:: COLLECTED DATA
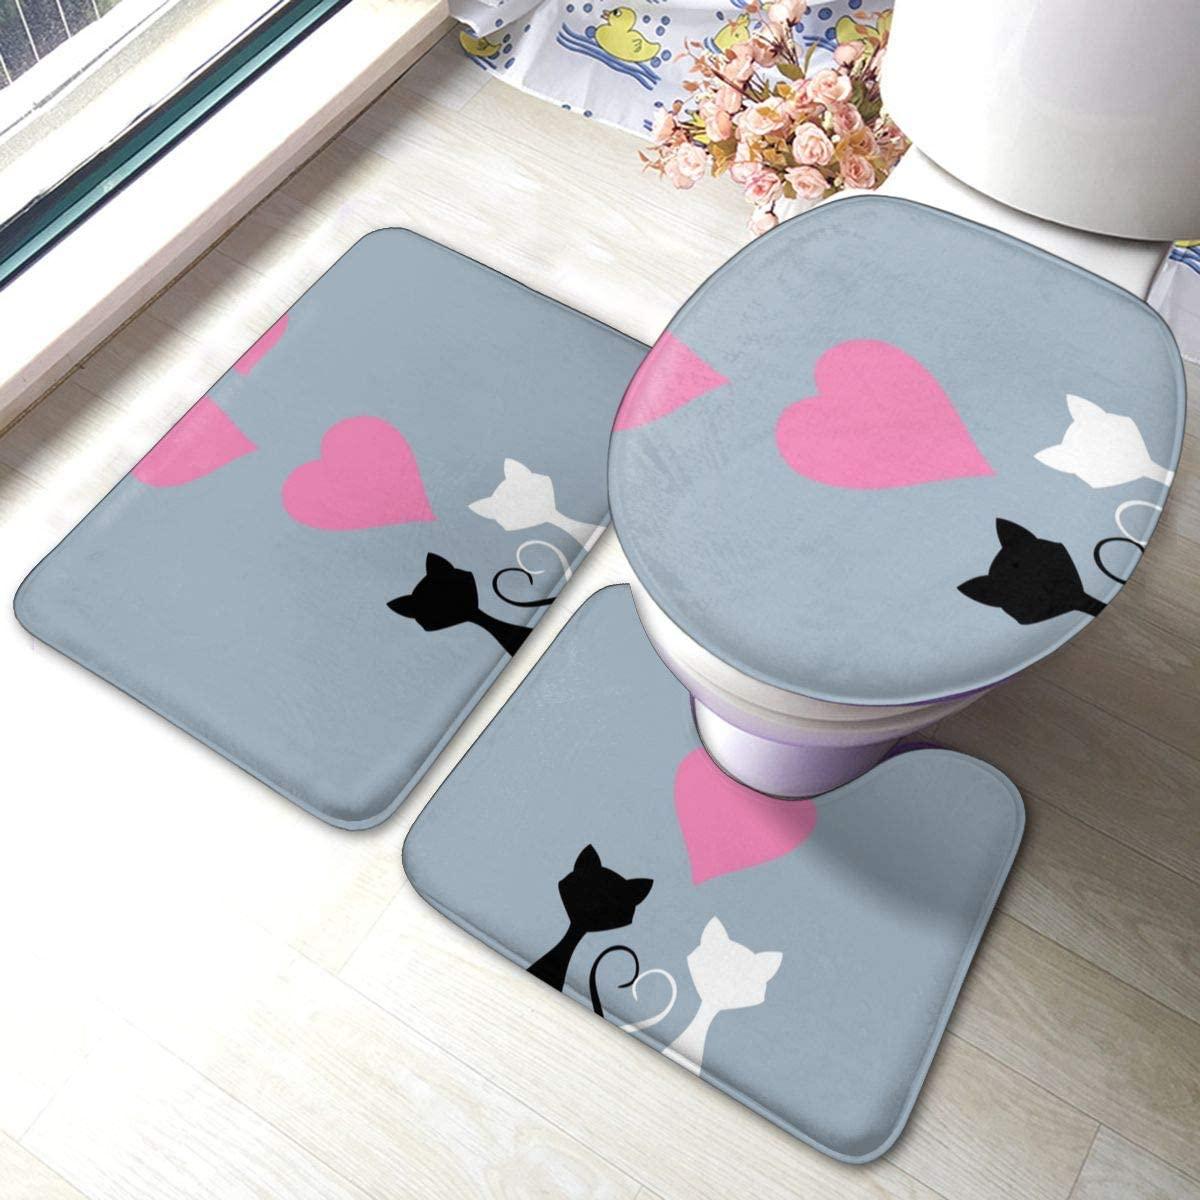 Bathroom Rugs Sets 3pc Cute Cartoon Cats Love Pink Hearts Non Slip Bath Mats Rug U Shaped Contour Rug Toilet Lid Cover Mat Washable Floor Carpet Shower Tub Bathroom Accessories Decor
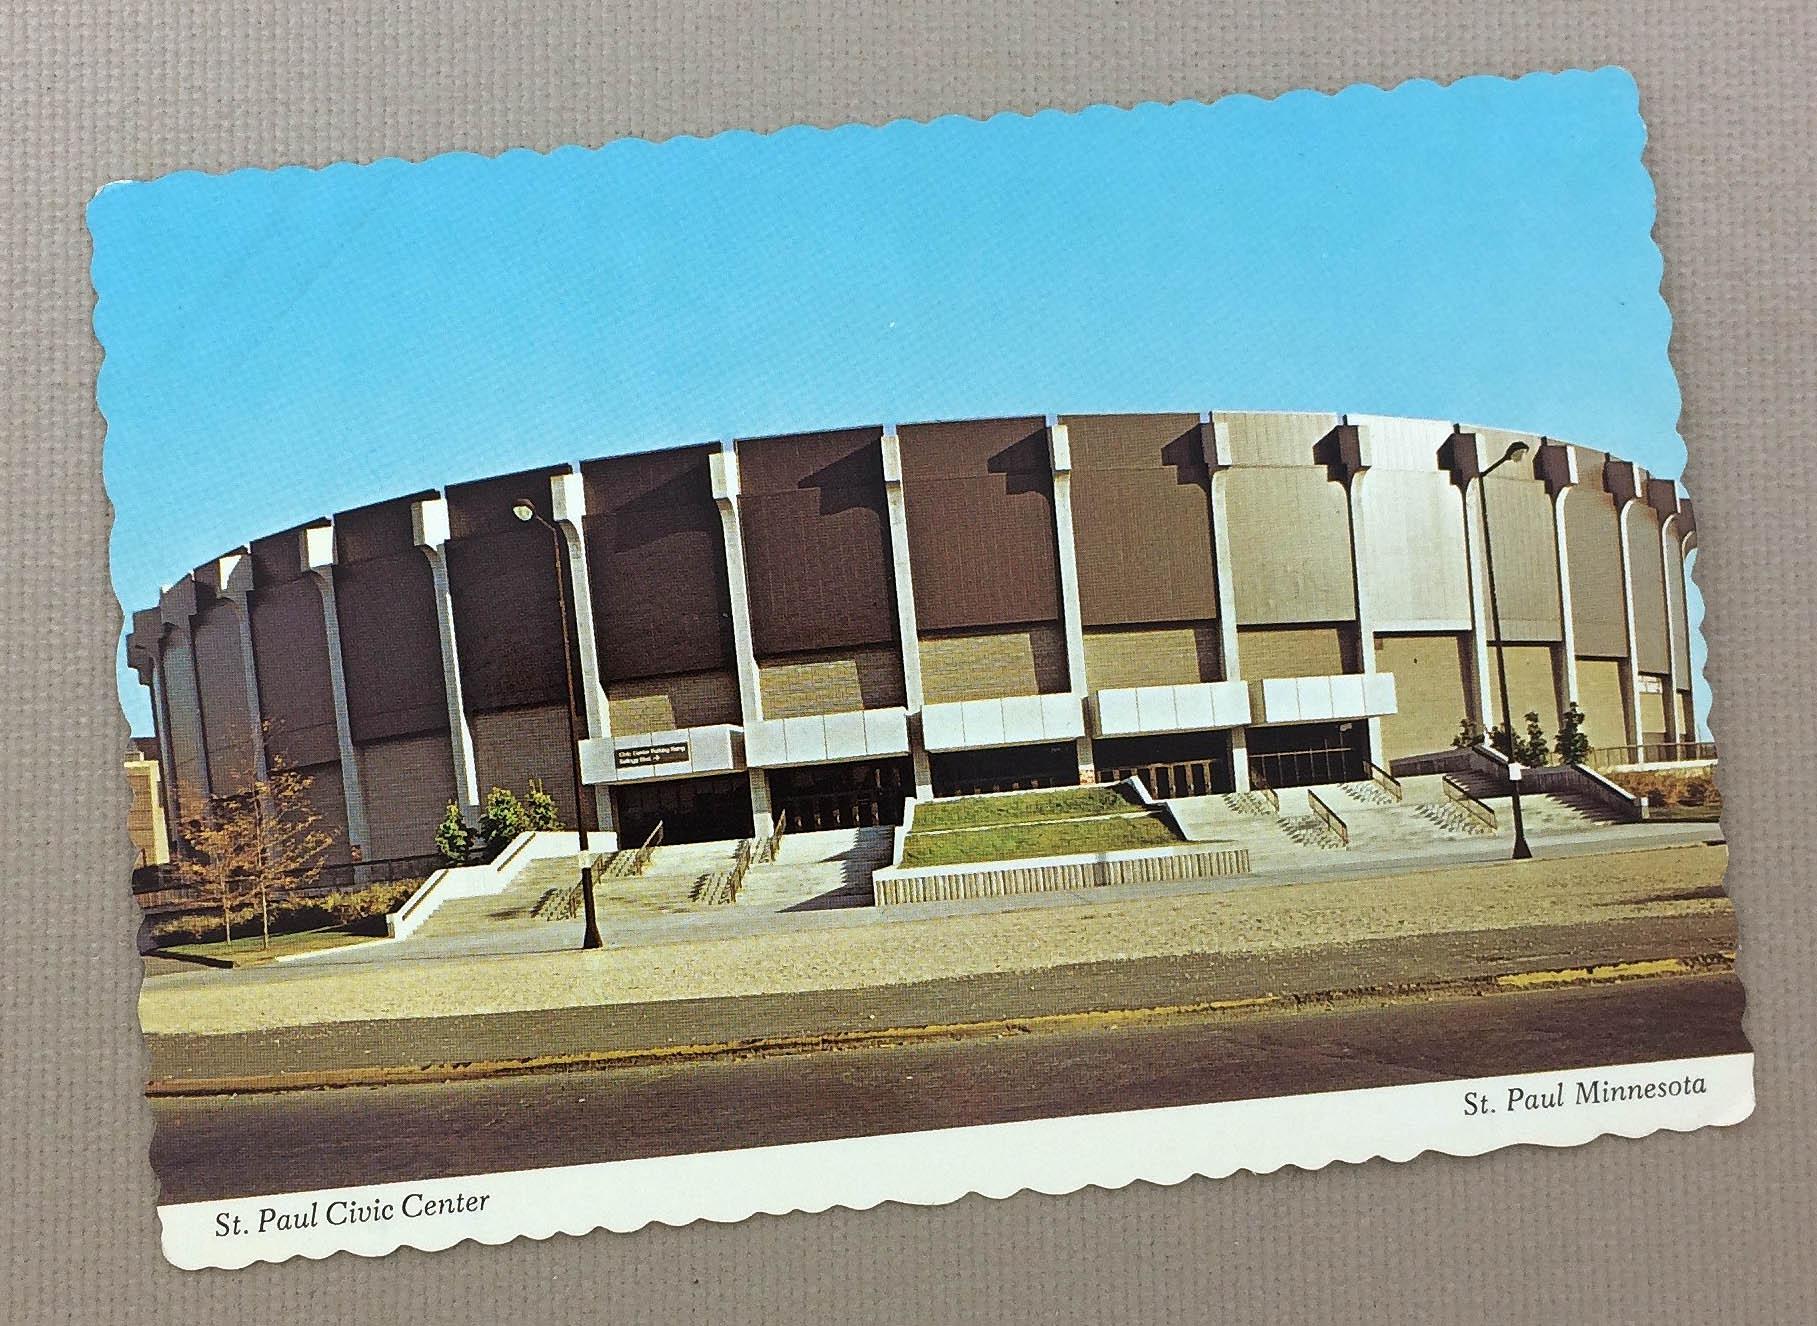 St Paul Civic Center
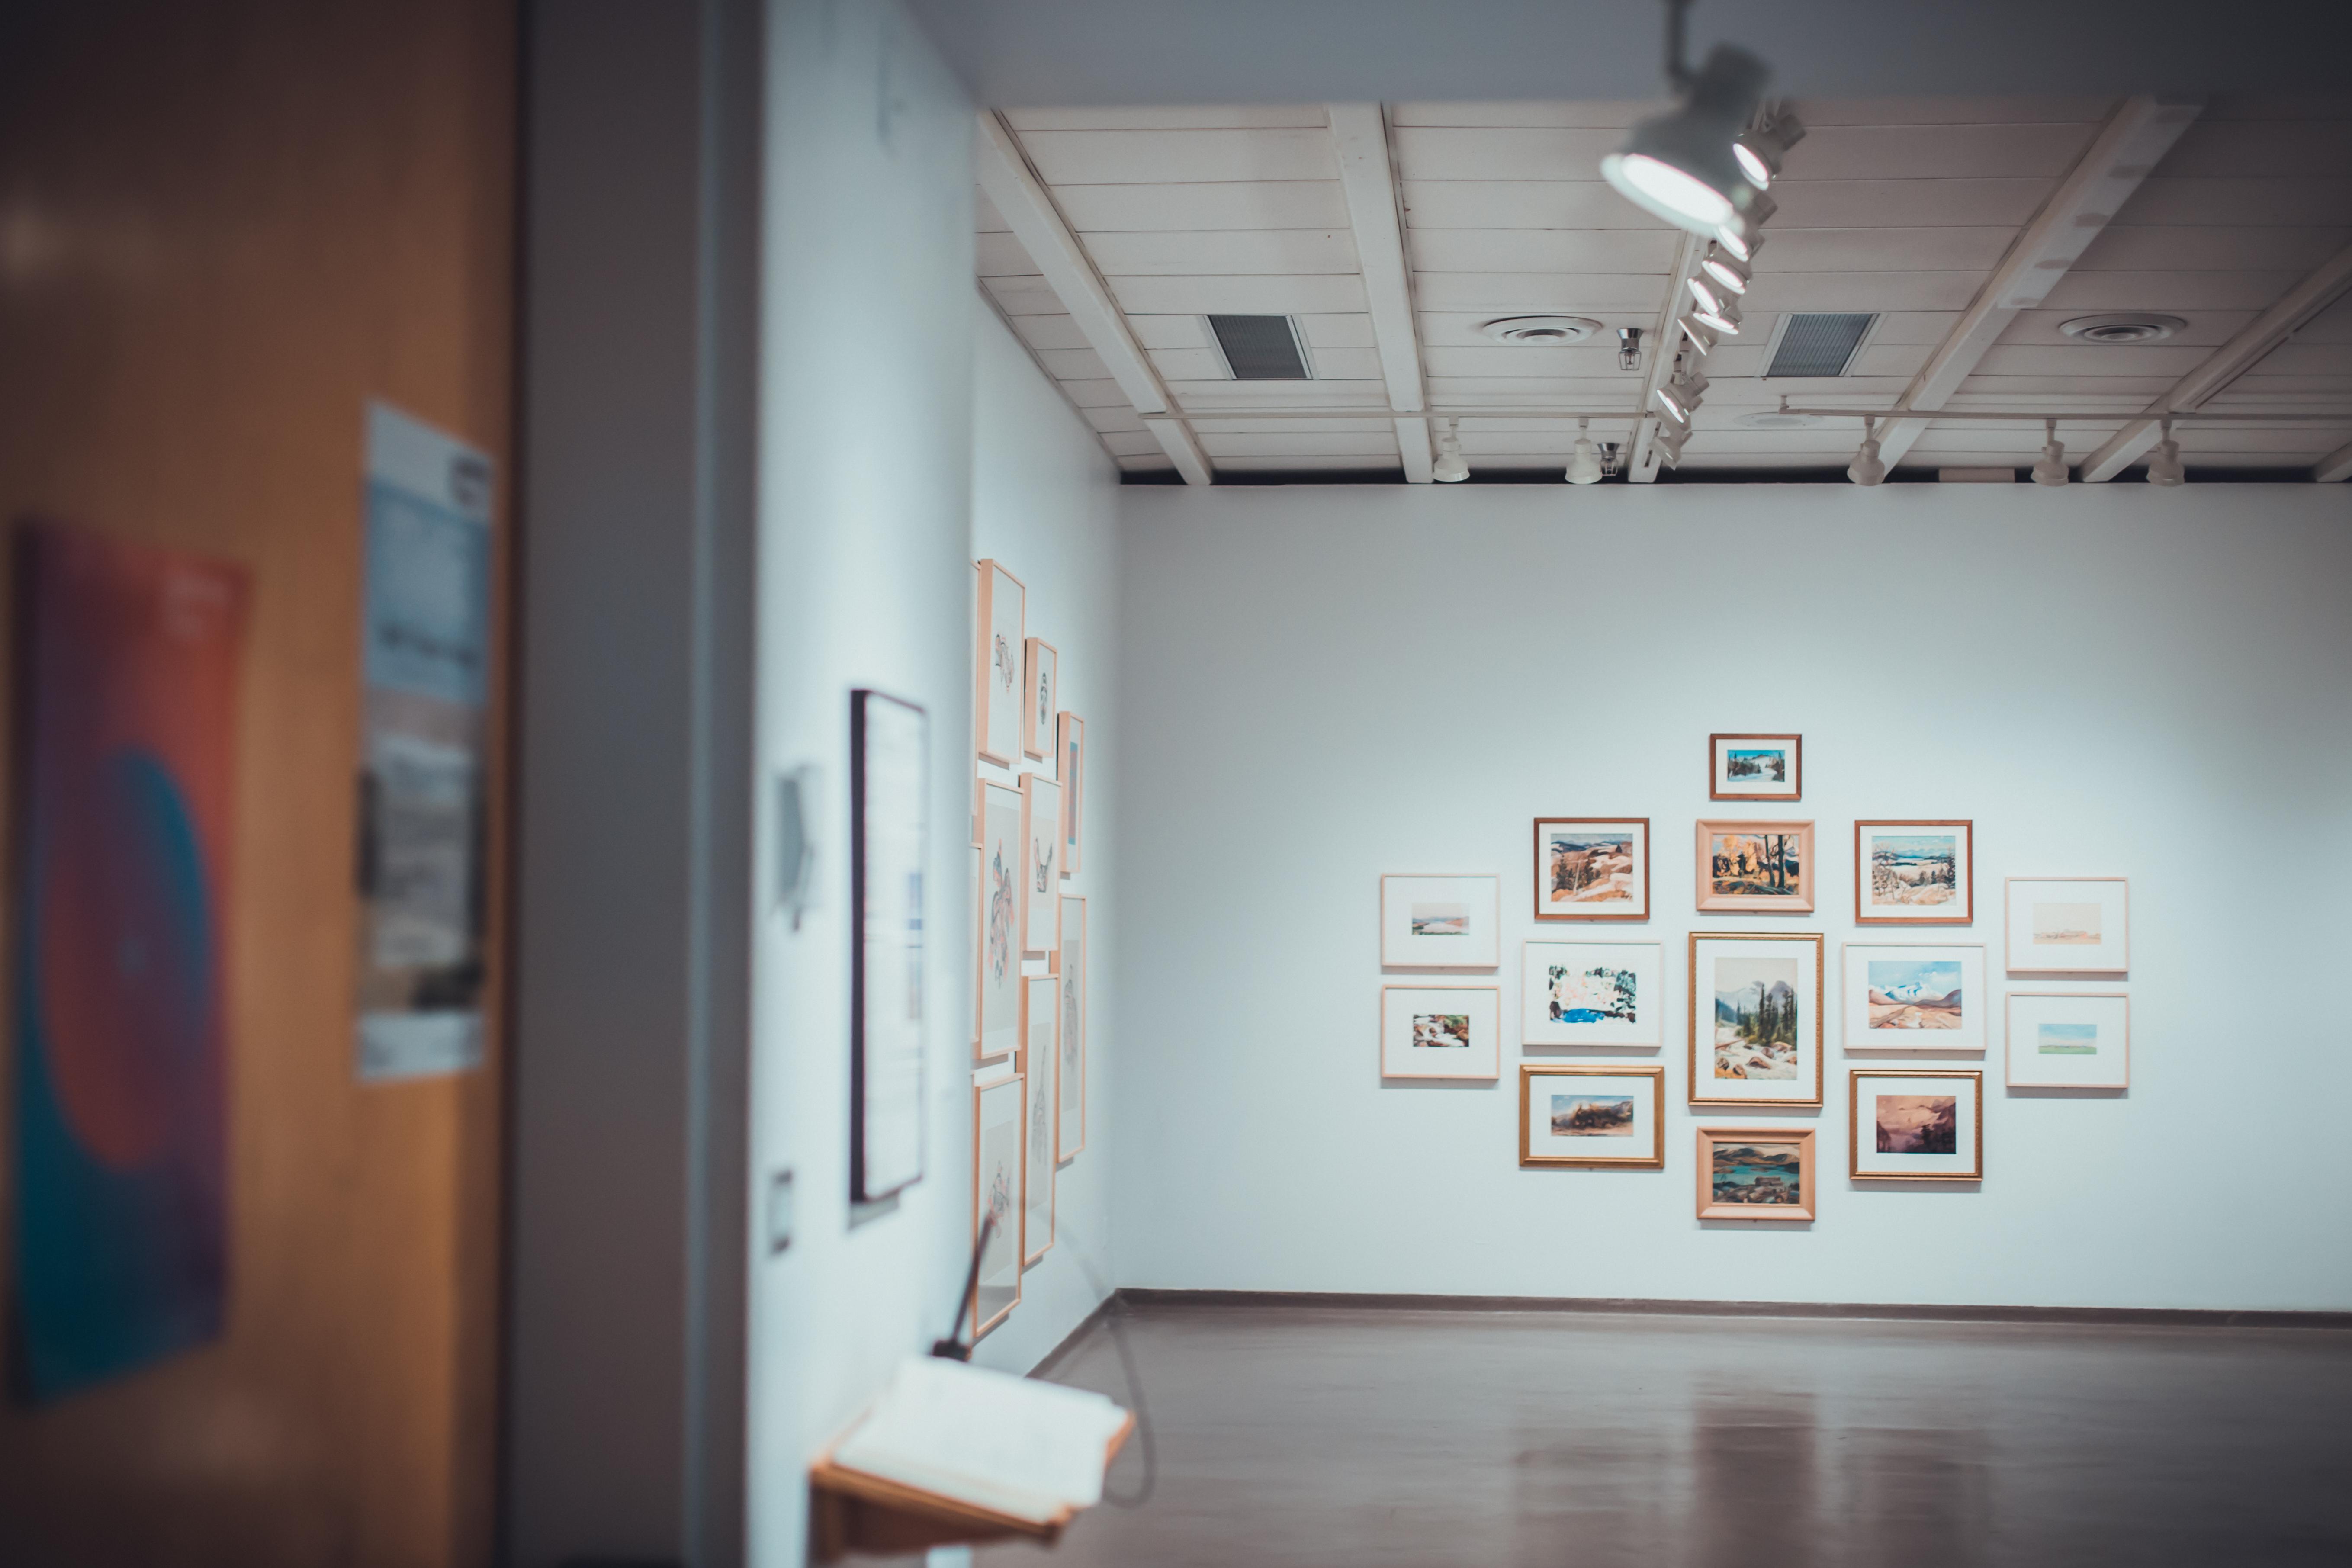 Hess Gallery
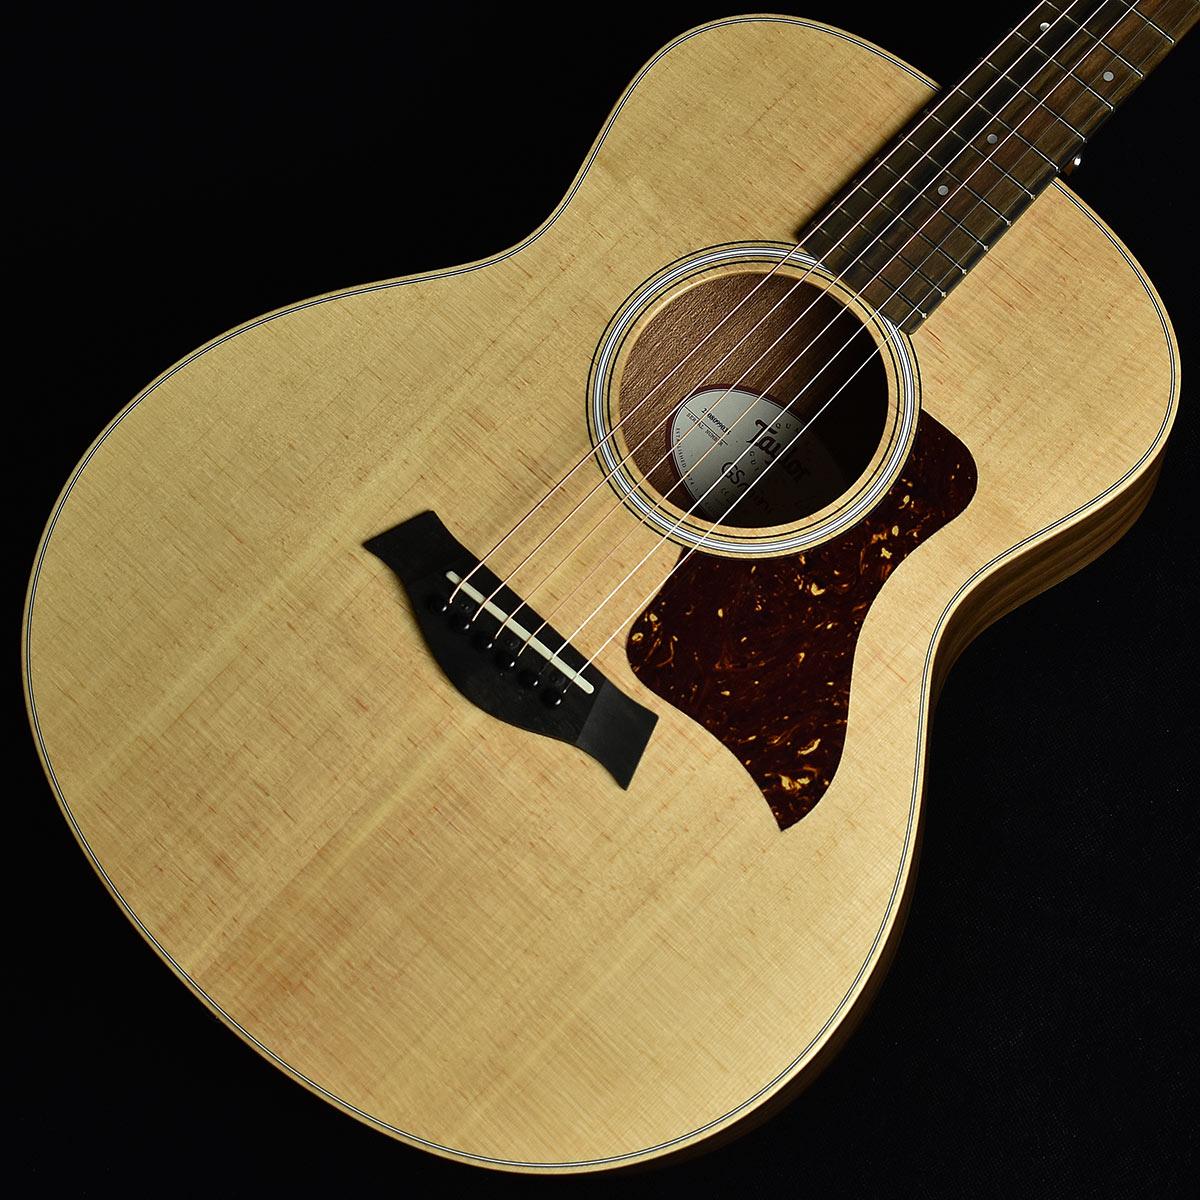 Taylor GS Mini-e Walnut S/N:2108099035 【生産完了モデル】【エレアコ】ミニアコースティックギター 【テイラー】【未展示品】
::::
- WORK ITEM:
An exact transcript of the listing is needed, free of pictures.

- RESPONSE TO THIS EXERCISE:
 Bathroom Rugs Sets 3pc Cute Cartoon Cats Love Pink Hearts Non Slip Bath Mats Rug U Shaped Contour Rug Toilet Lid Cover Mat Washable Floor Carpet Shower Tub Bathroom Accessories Decor
 St Paul Civic Center
 Hess Gallery
 Taylor GS Mini-e Walnut S/N:2108099035 【生産完了モデル】【エレアコ】ミニアコースティックギター 【テイラー】【未展示品】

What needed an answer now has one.